May 16, 2008 at 11:08 am
Hi,
we have a fatally flawed 3rd party app which has unfortunately populated a table with duplicates. To confuse me even more only one column is unique (the clustered index) and ALL other columns have been duplicated a variable no of times.
Anyone got an efficient delete statement for this please? I keep ending up with a query plan that does a hash join on two work tables which I think is the whole table twice (cartesian join?), and it runs VERY slow.

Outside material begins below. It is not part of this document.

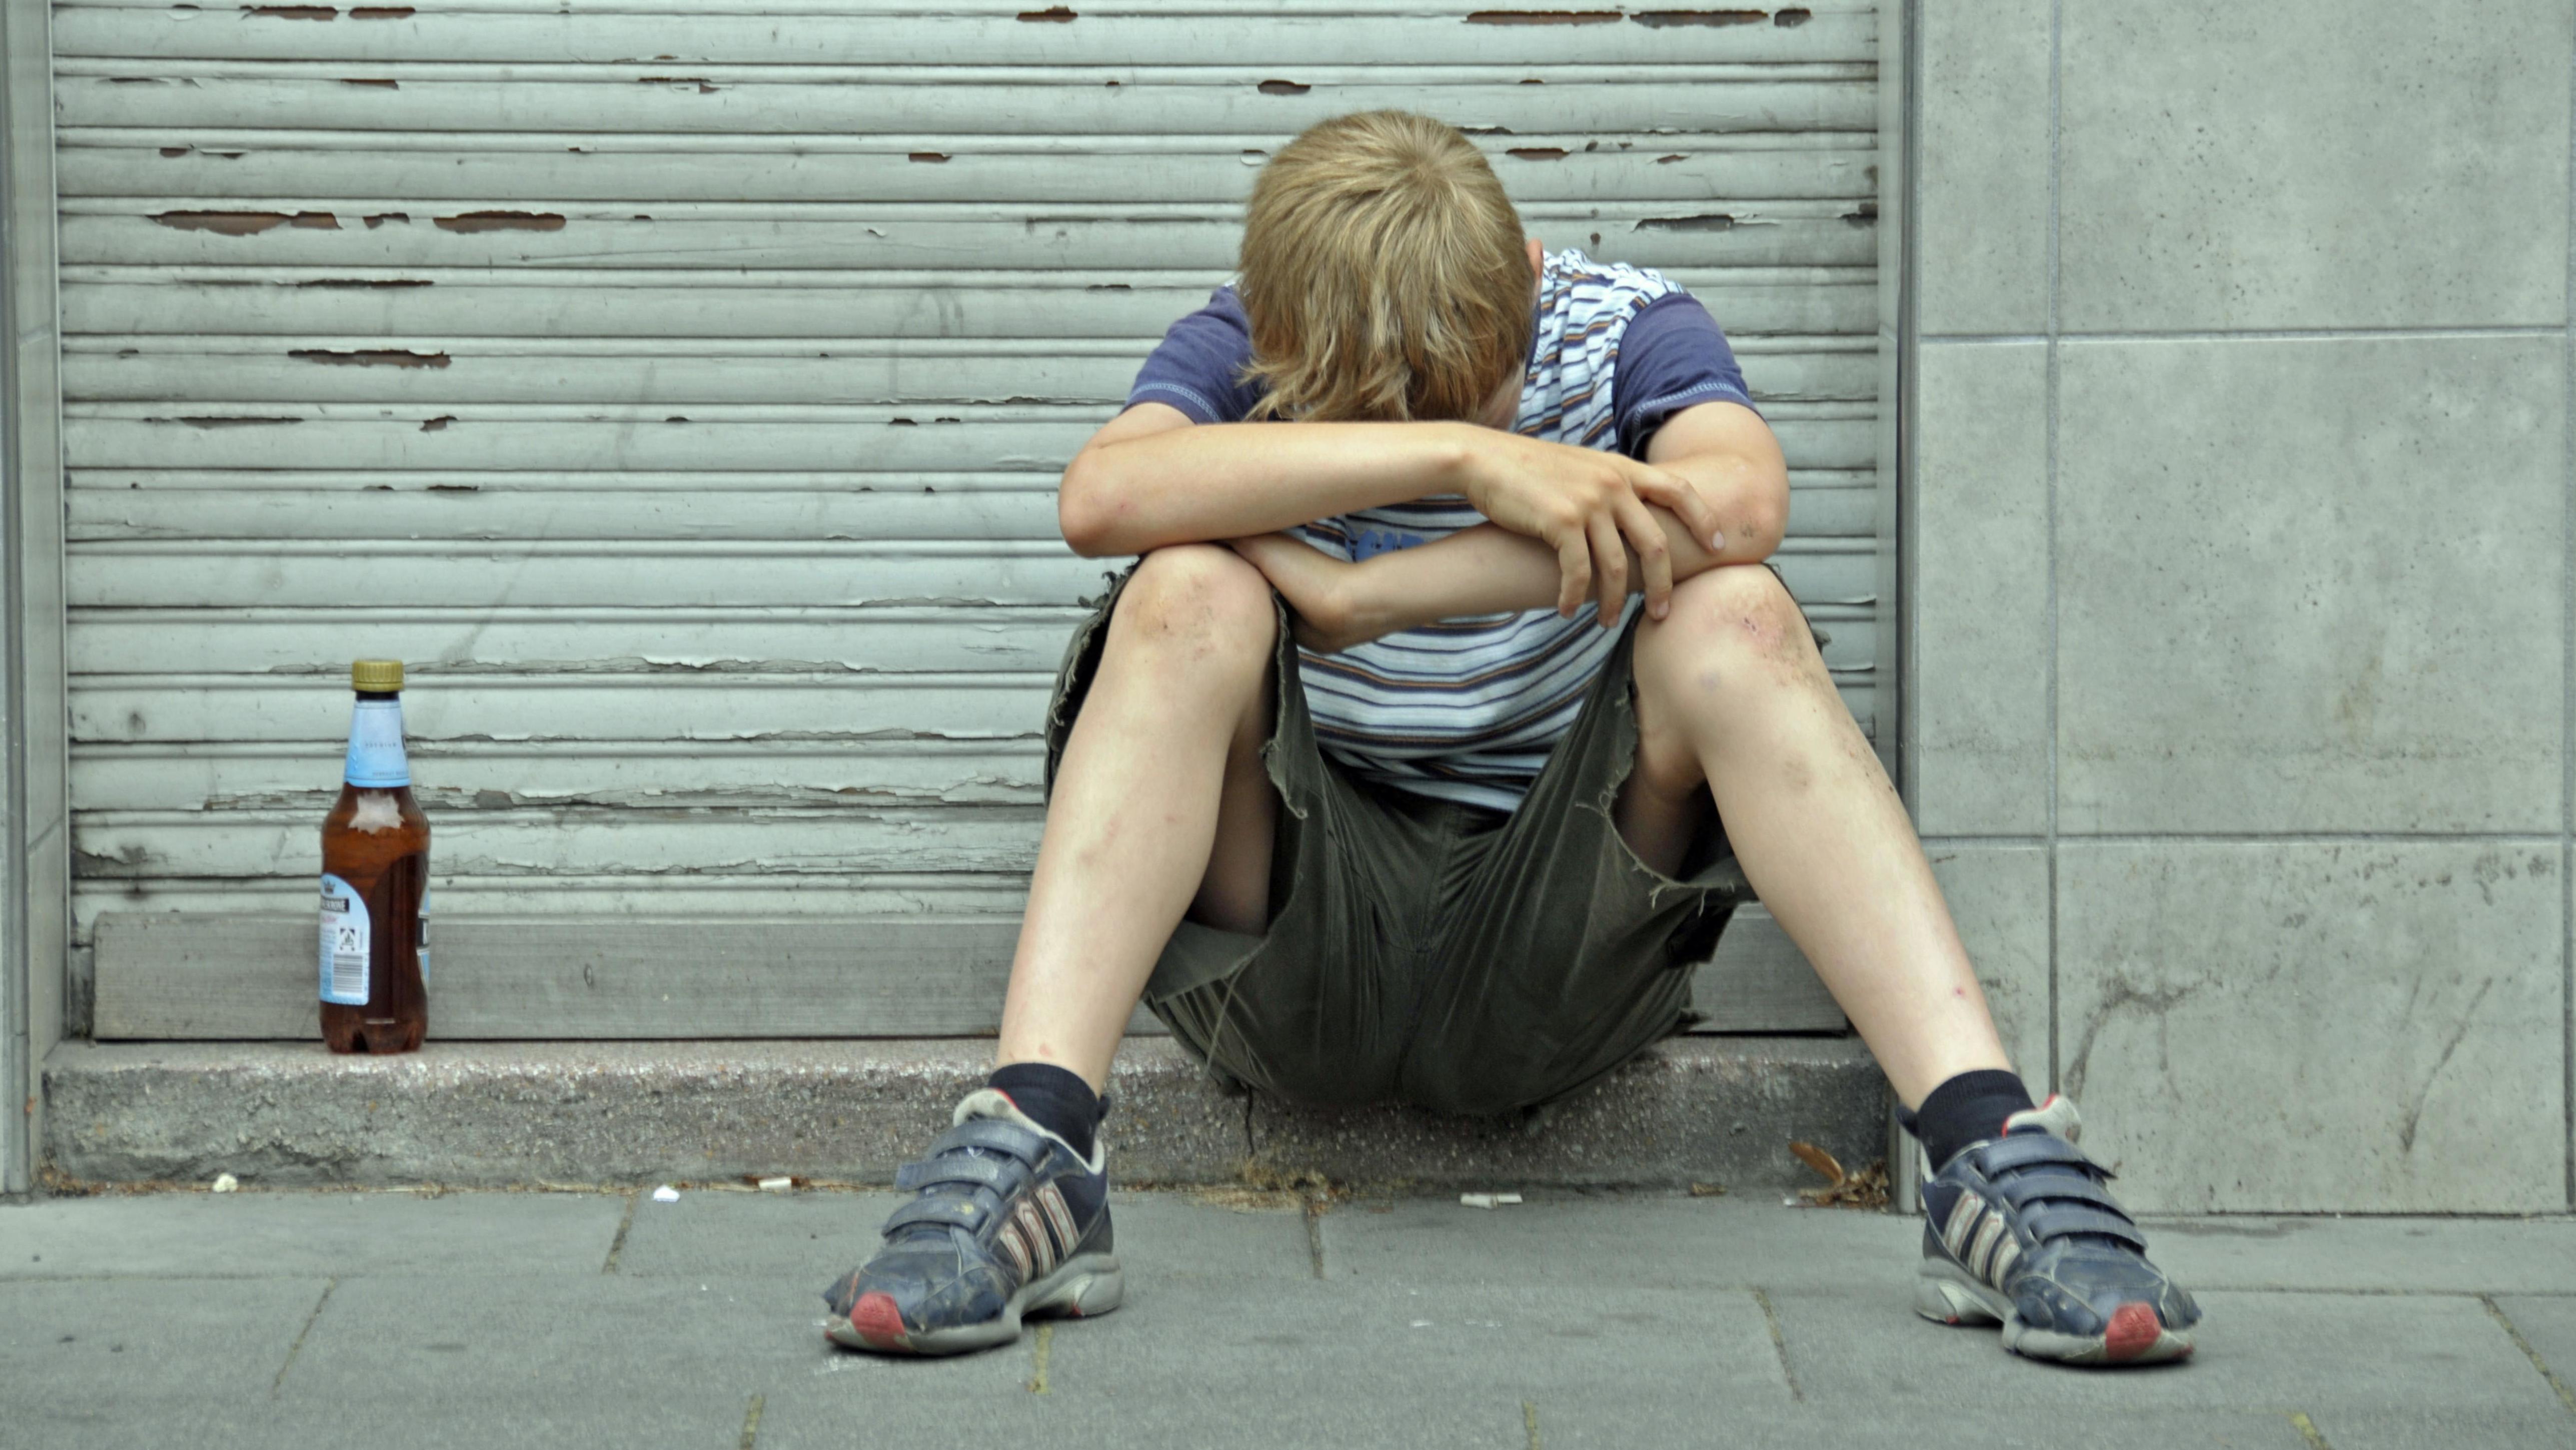 Junge sitzt neben Bierflasche vor einem geschlossenen Laden, den Kopf auf die Arme gelegt

Table has 6.3 million rows and is 80MB in size. I suspect about 3/4 of the table is duplicates so a select out may be best way to go.
schema:
CREATE TABLE [dbo].[AssociationLinks] (
[RecordId] [int] IDENTITY (1, 1) NOT NULL ,
[WorkspaceEntityId] [int] NOT NULL ,
[SourceEntityId] [int] NOT NULL ,
[TargetEntityId] [int] NOT NULL ,
[Name] [varchar] (50) COLLATE SQL_Latin1_General_CP1_CI_AS NOT NULL ,
[RecordStatus] [int] NOT NULL
) ON [PRIMARY]
GO
ALTER TABLE [dbo].[AssociationLinks] WITH NOCHECK ADD
CONSTRAINT [PK_AssociationLinks] PRIMARY KEY CLUSTERED
(
[RecordId]
) WITH FILLFACTOR = 80 ON [PRIMARY]
GO
CREATE INDEX [AssociationLinks8] ON [dbo].[AssociationLinks]([SourceEntityId], [WorkspaceEntityId], [TargetEntityId]) ON [PRIMARY]
GO
CREATE INDEX [AssociationLinks2] ON [dbo].[AssociationLinks]([TargetEntityId], [WorkspaceEntityId], [SourceEntityId], [Name]) ON [PRIMARY]
GO
---------------------------------------------------------------------
May 16, 2008 at 9:59 pm
Which record ID are you going to keep when dupes are present?
--Jeff Moden
Change is inevitable... Change for the better is not.
May 17, 2008 at 2:31 am
Jeff, hi. This is the code the vendors sent thru for the delete which just does not perform and I hope can be improved upon
delete from T1
from AssociationLinks T1, AssociationLinks T2
where T1.workspaceentityid = T2.workspaceentityid
and T1.sourceentityid = T2.sourceentityid
and T1.targetentityid = T2.targetentityid
and T1.name = T2.name
and T1.recordstatus = T2.recordstatus
and T1.recordid > T2.recordid
so it looks like the min(recordid) for each set of duplicates is to be kept. There are no foreign keys referencing this table.
george
---------------------------------------------------------------------
May 17, 2008 at 8:17 am
Have a go with this.
delete from AssociationLinks
where RecordId not in
(
select min(RecordId)
from AssociationLinks
group by WorkspaceEntityId,SourceEntityId,TargetEntityId,Name,RecordStatus
having count(*)>1
)
I tried this with a million randomly generated rows of which 90% are duplicates and it takes about 40 seconds. You can lower this by putting the select into a temporary table and generating a unique index on RecordId.
May 17, 2008 at 9:15 am
The problem is that both pieces of code will work very fast when there's only a couple thousand dupes and that's the the case here... George said that there's 6.3 Million rows and about 3/4 of them a dupes which means that a little over 4.5 Million rows must be deleted.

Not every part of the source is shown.